2 minute read

EDWARD STOURTON

Tuesday 18 July 12.30pm – 1.30pm

Buxton Opera House £15

Confessions

Edward Stourton regularly presents BBC Radio Four programmes such as The World at One, The World This Weekend, Sunday and Analysis. He has been a foreign correspondent for Channel Four, ITN and the BBC, and for ten years he was one of the main presenters of the Today programme. During his forty-year career the world has changed, and so has he. Brought face to face with the author of his obituary and his own inevitable mortality, Stourton is prompted to reflect on the life he has led and the events, from the end of Empire to #metoo, that have shaped him.
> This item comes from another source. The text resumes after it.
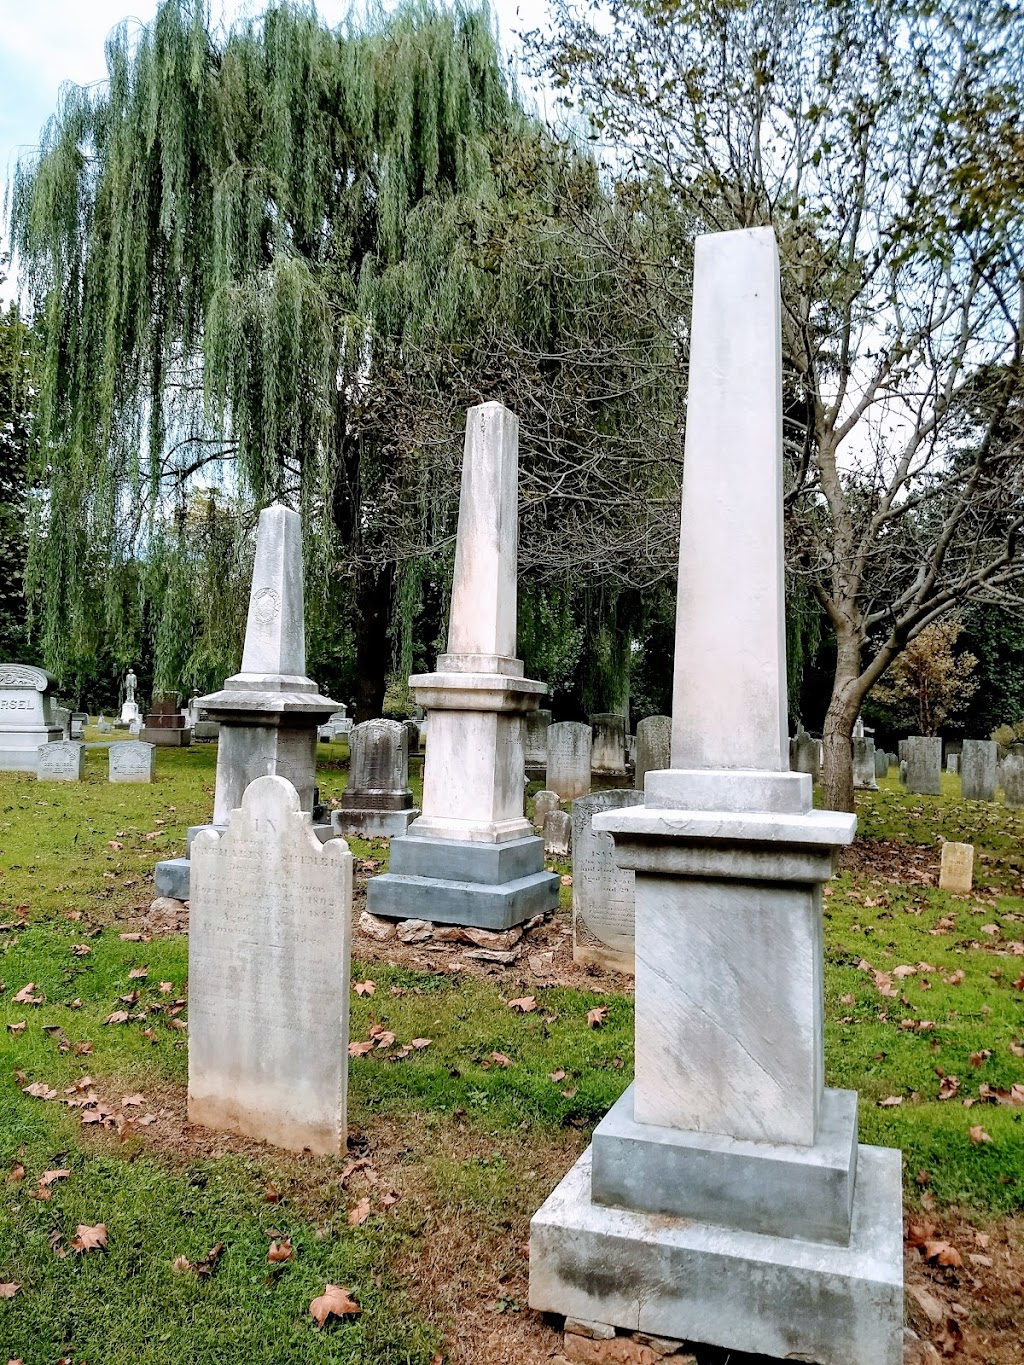 Greenwich Cemetery Association | 15 Greenwich Church Rd, Stewartsville, NJ 08886 | Phone: (908) 479-0144

Sacha Rattle And Peter Donohoe

Clarinet And Piano

Tuesday 18 July 3pm – 5pm (including interval) St John’s Church £30, Balcony £25

‘The lyrical romanticism of Brahms and Berg’

R Schumann Fantasiestücke, Op. 73

A Berg Piano Sonata, Op. 1

J Brahms Clarinet Sonata in F minor, Op. 120 No. 1

W Lutosławski Dance Preludes

A Berg 4 Pieces for Clarinet and Piano, Op. 5

J Brahms Clarinet Sonata in E flat, Op. 120 No. 2

The idea for this programme came out of the wonderful juxtaposition of late Brahms and early Berg. One forgets how close they were in time, Brahms’s Op. 120 Sonatas written only 16 years before Berg’s Op. 1. Both composers seem to find the essence of romanticism even in such different styles, composing so that no note is superfluous, and each with a quintessential meaning. Schumann’s song-like Fantasy Pieces and Lutosławski’s folk-inspired Dance Preludes round out the programme.

Tuesday 18 July

Sara Wheeler

Tuesday 18 July 4pm – 5pm

Pavilion Arts Centre £12

Glowing Still: A Woman’s Life on the Road

Sara Wheeler is one of Britain’s foremost travel writers. Glowing Still is the story of her travelling life in a notoriously testosteroneladen field. Recalling happy days on India’s Puri Express; an Antarctic lavatory through which a seal popped up; and the louche life of a Parisian shopgirl. When corralling reindeer with the Sami in Arctic Sweden and towing her baby on a sledge, a helpful herdsman advised her to put foil down her bra to facilitate nursing. But advancing years usher in unheralded freedoms, and journey’s end finds Wheeler at peace among Zanzibar dhows, contemplating our connection with other lives and the irreplaceable value that travel brings.

THE

Jonathan Kennedy

Wednesday 19 July 10am – 11am

Pavilion Arts Centre £12

Pathogenesis: How Infectious Diseases Shaped Human History

Dr Jonathan Kennedy argues that germs have done more to shape humanity at every stage, from the first success of Homo Sapiens over the equally intelligent Neanderthals to the fall of Rome and the rise of Islam. The latest science reveals that infectious diseases are not just something that happens to us, but a fundamental part of who we are. We have been thinking about the survival of the fi ttest all wrong: evolution is not simply about human strength and intelligence, but about how we live and thrive in a world dominated by microbes.

Kaleidoscope Chamber Collective

Wednesday 19 July 11.15am – 12.15pm

St John’s Church £25, Balcony £20

M Bonis Soir et Matin for piano trio

L Boulanger, C Debussy, M Ravel and C Saint-Saëns A selection of salon pieces

R Hahn Piano Quintet in F sharp minor

Founded in 2017 and directed by husband and wife Tom Poster, piano, and Elena Urioste, violin, Kaleidoscope Chamber Collective was appointed associate ensemble at Wigmore Hall, London, in 2020. The group’s flexible membership enables it to perform a wide-ranging repertoire. Its three recordings, to date, are devoted to, respectively, Felix and Fanny Mendelssohn, Samuel Coleridge-Taylor, and American music, with works by Amy Beach, Florence Price and Samuel Barber.

This all-French programme transports us to the elegant salons of Paris.